Ilustrasi petani karet. Foto : serikatpetanikaret.blogspot.com |
Kisah petani terlilit utang pada tengkulak kini tak berlaku di Desa Lubuk Beringin, Muara Bungo, Jambi. Komoditas karetnya, kini berhasil menembus pasar untuk pabrik ban Bridgestone, di Medan, Sumatra Utara.
“Setiap 15 bulan kelompok petani yang beranggotakan 80 orang bisa menghasilkan Rp 4,7 miliar,”kata Bakian, seorang petani karet yang ikut menghadiri Kongres Asosiasi Wirausaha Kehutanan Masyarakat Indonesia (AWKMI), di Semarang akhir pekan kemarin..

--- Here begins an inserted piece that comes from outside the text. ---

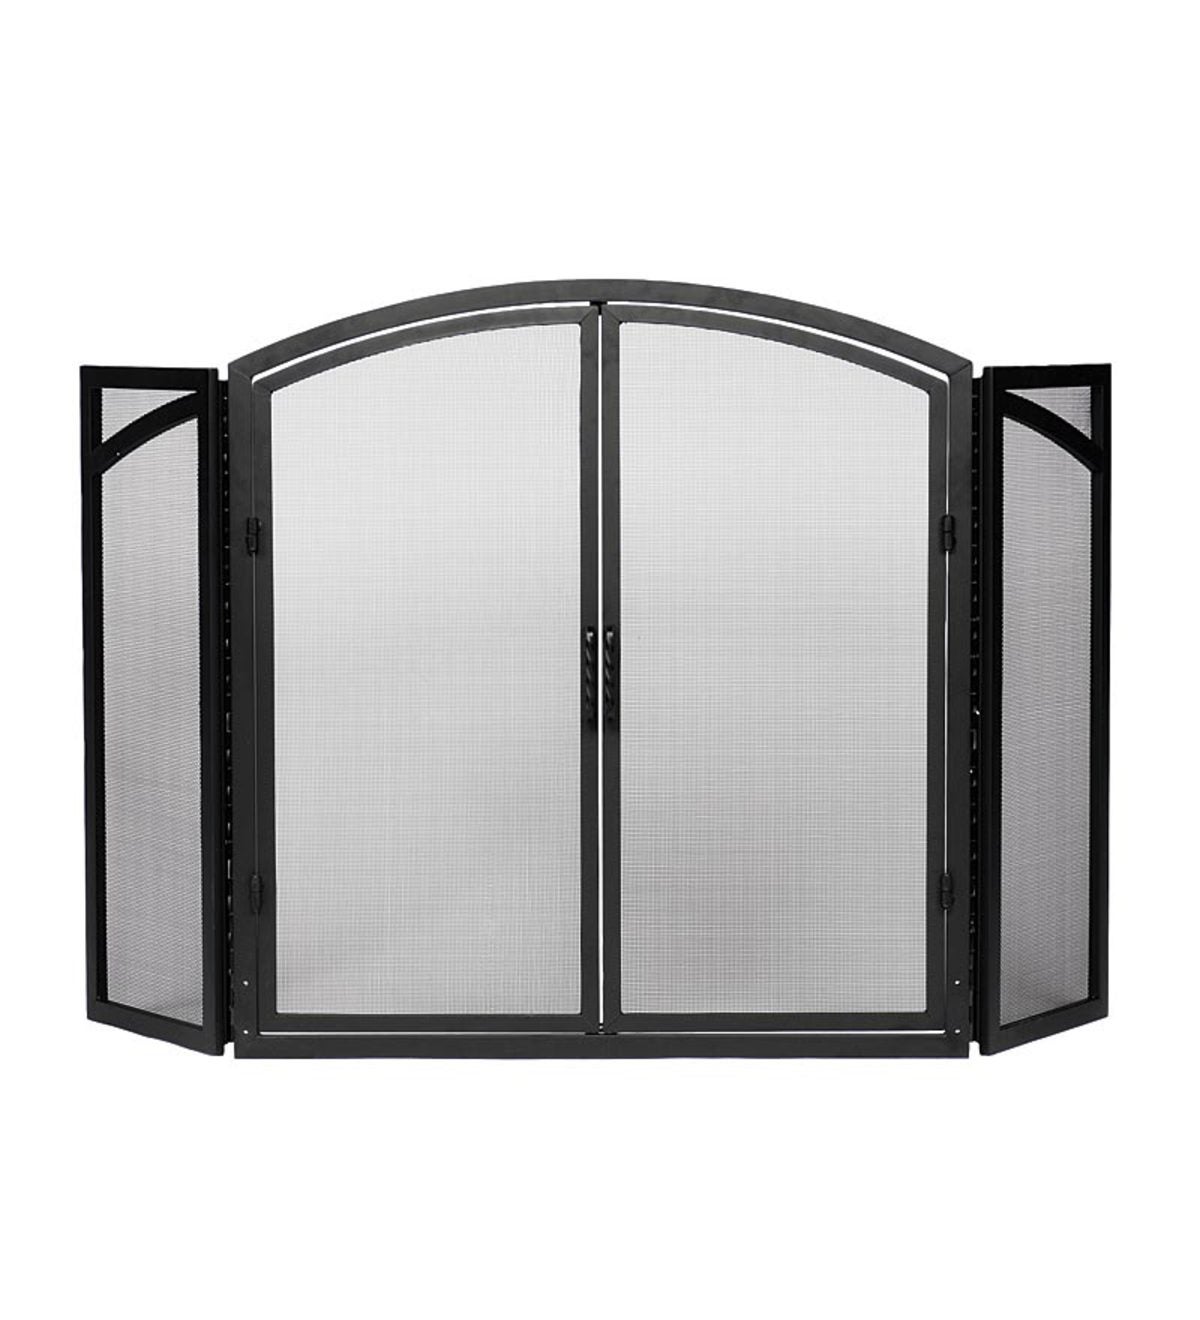 Arched Black Wrought Iron Tri Folding, Tri Fold Fireplace Screen With Doors

Maraknya produski karet alam di Lubuk Beringin berkat upaya agro forestry yang berkembang di situ sejak beberapa dasawarsa lalu. Petani mengembangkan karet dan juga berbagai tanaman lain di lahan hutan desa. Kelompok yang mengelola hutan desa menamakan dirinya “Agro Pores”. Untuk memasuki pasar, Bakian dan kelompoknya mengikuti harga pasar lelang karet, tdak tergantung lagi pada tengkulak.

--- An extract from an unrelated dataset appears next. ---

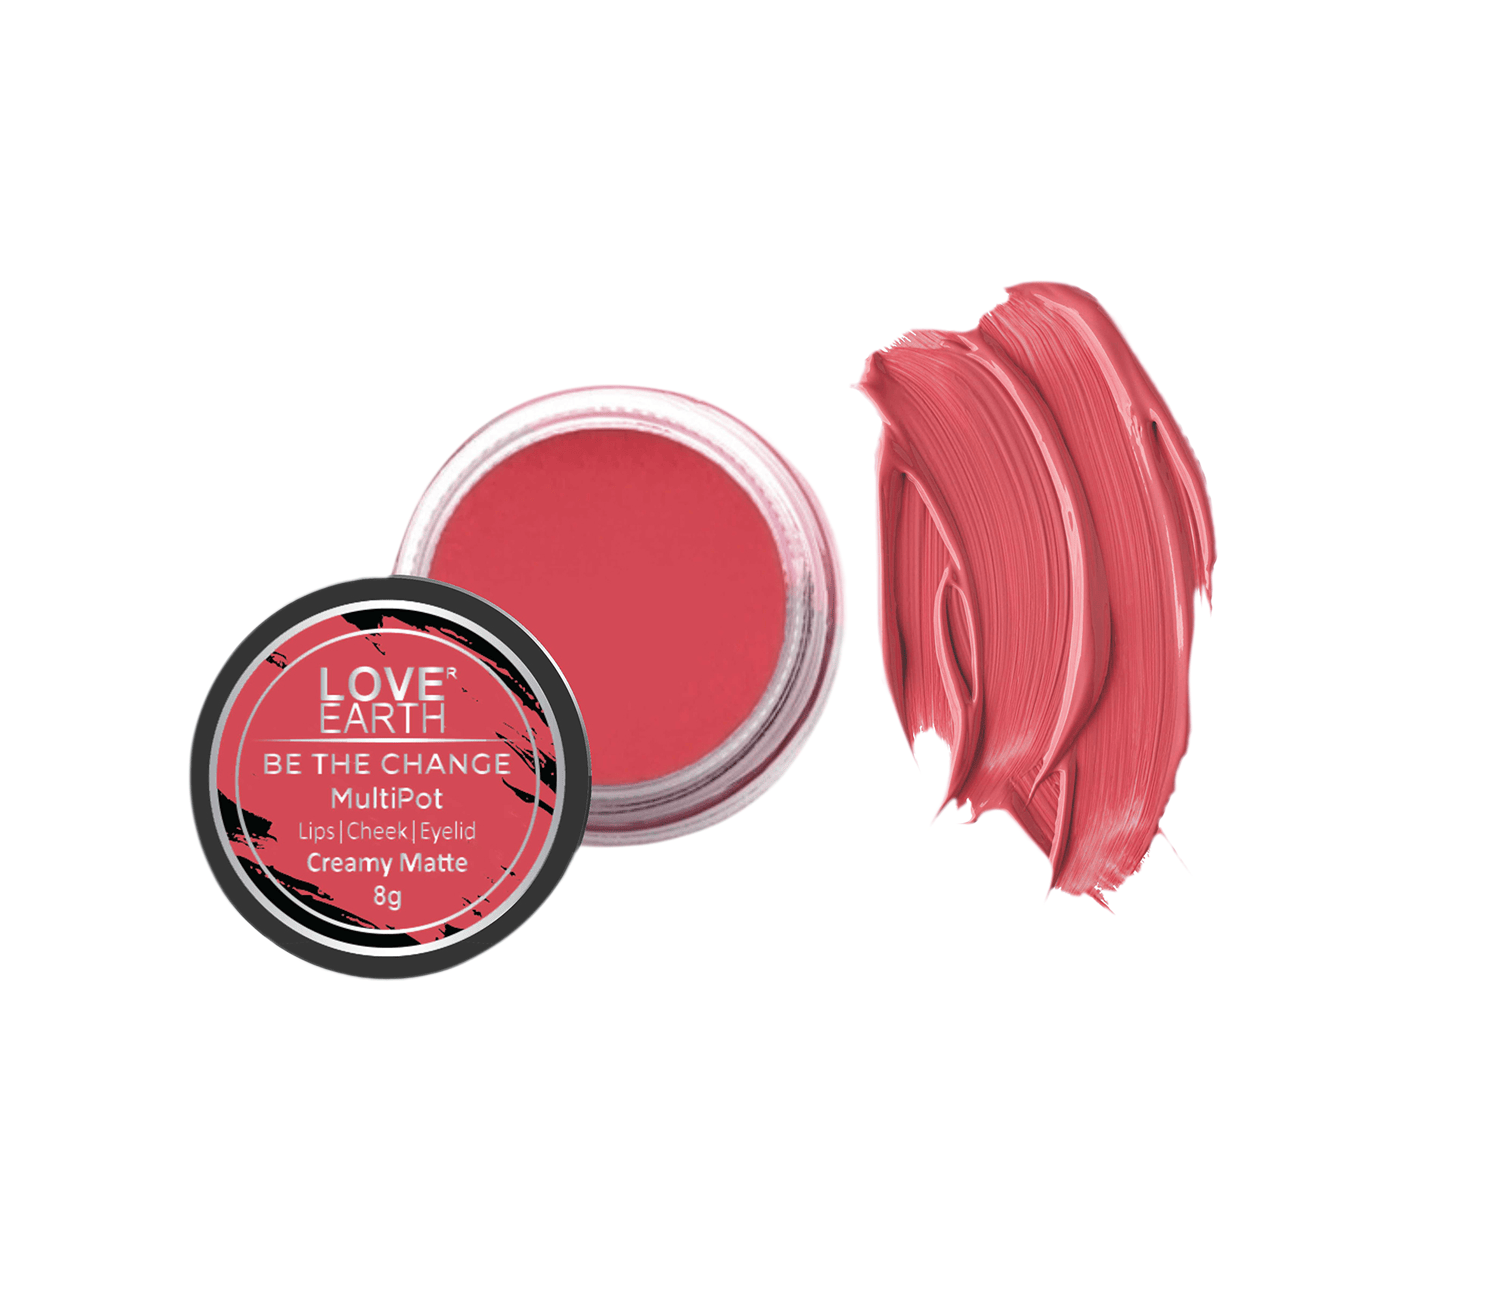 LOVE EARTH | Love Earth Lip Tint & Cheek Tint Multipot-Be The Change With Richness Of Jojoba Oil And Vitamin E For Lips, Eyelids & Cheeks, Matte Finish - Rose Pink 0

“Selisih harga tengkulak mencapai Rp 5 ribu per kilo. Dalam satu musim, jika kami memanen 12 ton saja, untung yang diraup dari perbedaan harga pasar dengan tengkulak sebesar Rp 60 juta,” terang Bakian.

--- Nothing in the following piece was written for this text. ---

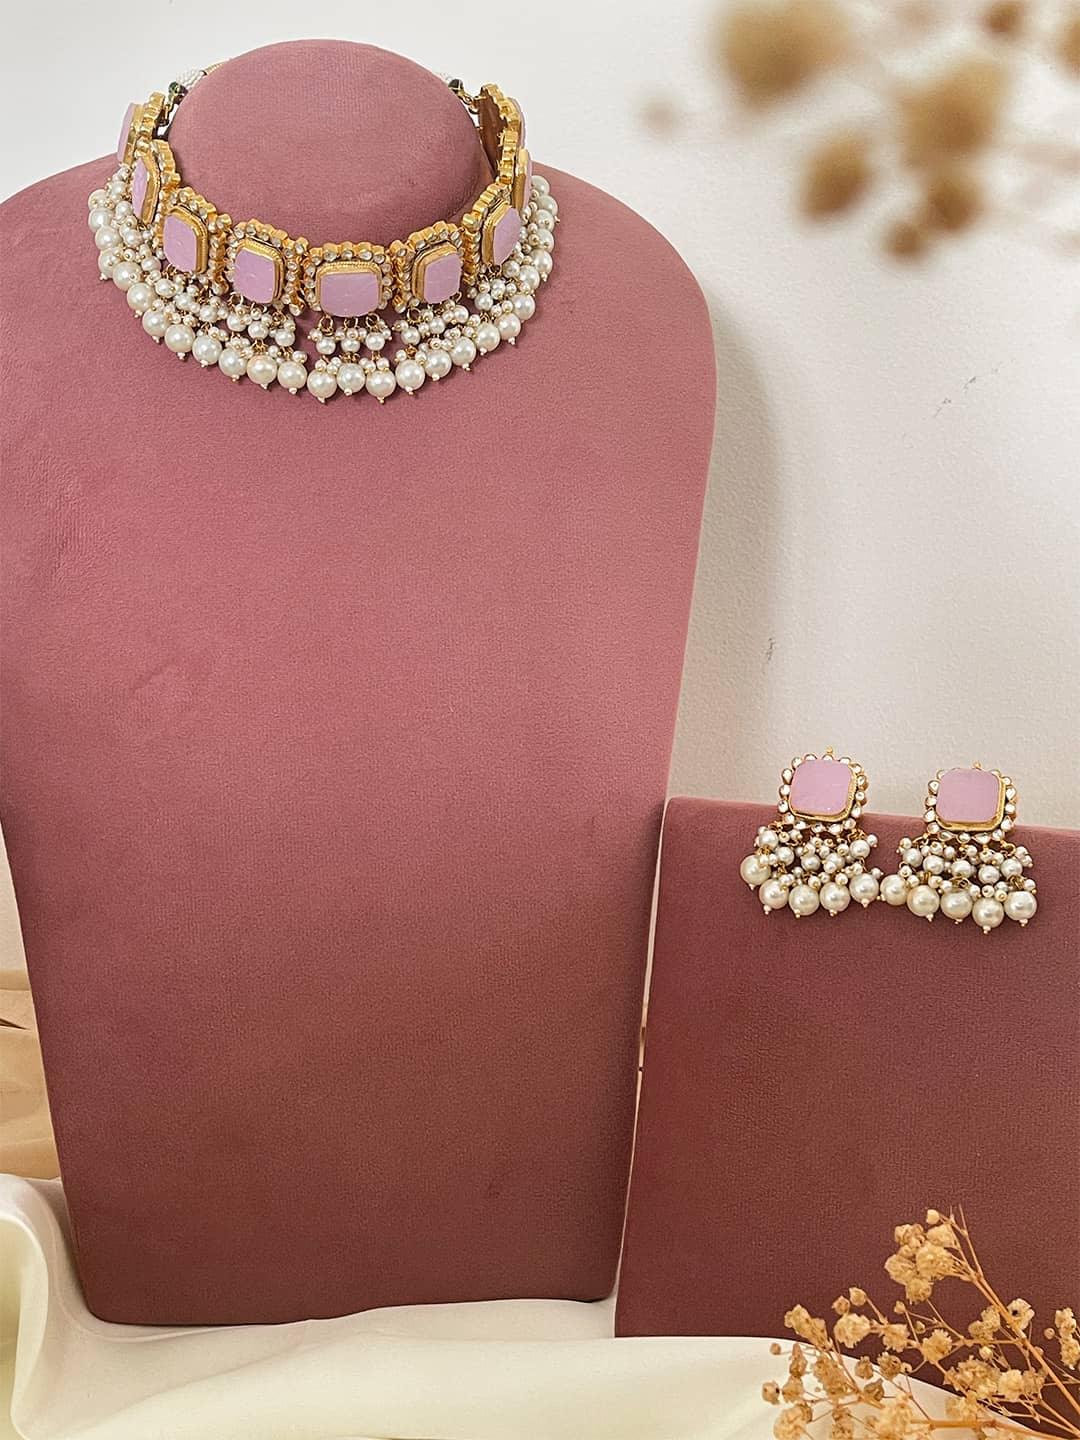 Ishhaara Pink Antique Gold Choker Necklace With Pearl Beads

Bertani hutan secara berkelanjutan, menjadikan masyarakat yang tinggal sekitar 65 kilometer dari ibukota Kabupaten Muara Bungo, bisa meraup untung sekaligus menikmati jasa lingkungan. Air, Udara serta energi listrik dari kincir air, misalnya.
Kala saat menyadap karet sedang libur, beragam hasil hutan bukan kayu menjadi tumpuan penghasilan masyarakat. Seperti durian, petai, rempah untuk bumbu dapur dan obat-obatan. Hasilnya pun tak kalah menggiurkan, terlebih untuk komoditas jernang, sejenis rotan yang diambil lapisan lilinnya. “Harga jernang mencapai Rp 800 ribu per kilo,” terangnya.
Mahendra Taher, Direktur Eksekutif SSS-Pundi Sumatra, sebuah lembaga pendamping masyarakat, mengatakan, karet di Indonesia, 80 persen berasal dari kebun rakyat. Ia juga menambahkan, hasil karet rakyat secara nasional, berkontribusi besar untuk produk pomestik bruto (PDB), mencapai Rp 6 triliun per tahun.
Selain itu, kebun karet rakyat juga menyerap tenaga kerja tak sedikit, setidaknya ada 1,6 juta tenaga kerja di sektor perkebunan karet nasional. Maka perputaran uang dari karet akan berada di masyarakat kecil, bukan perusahaan atau pemilik modal. (Andhika Vega Praputra).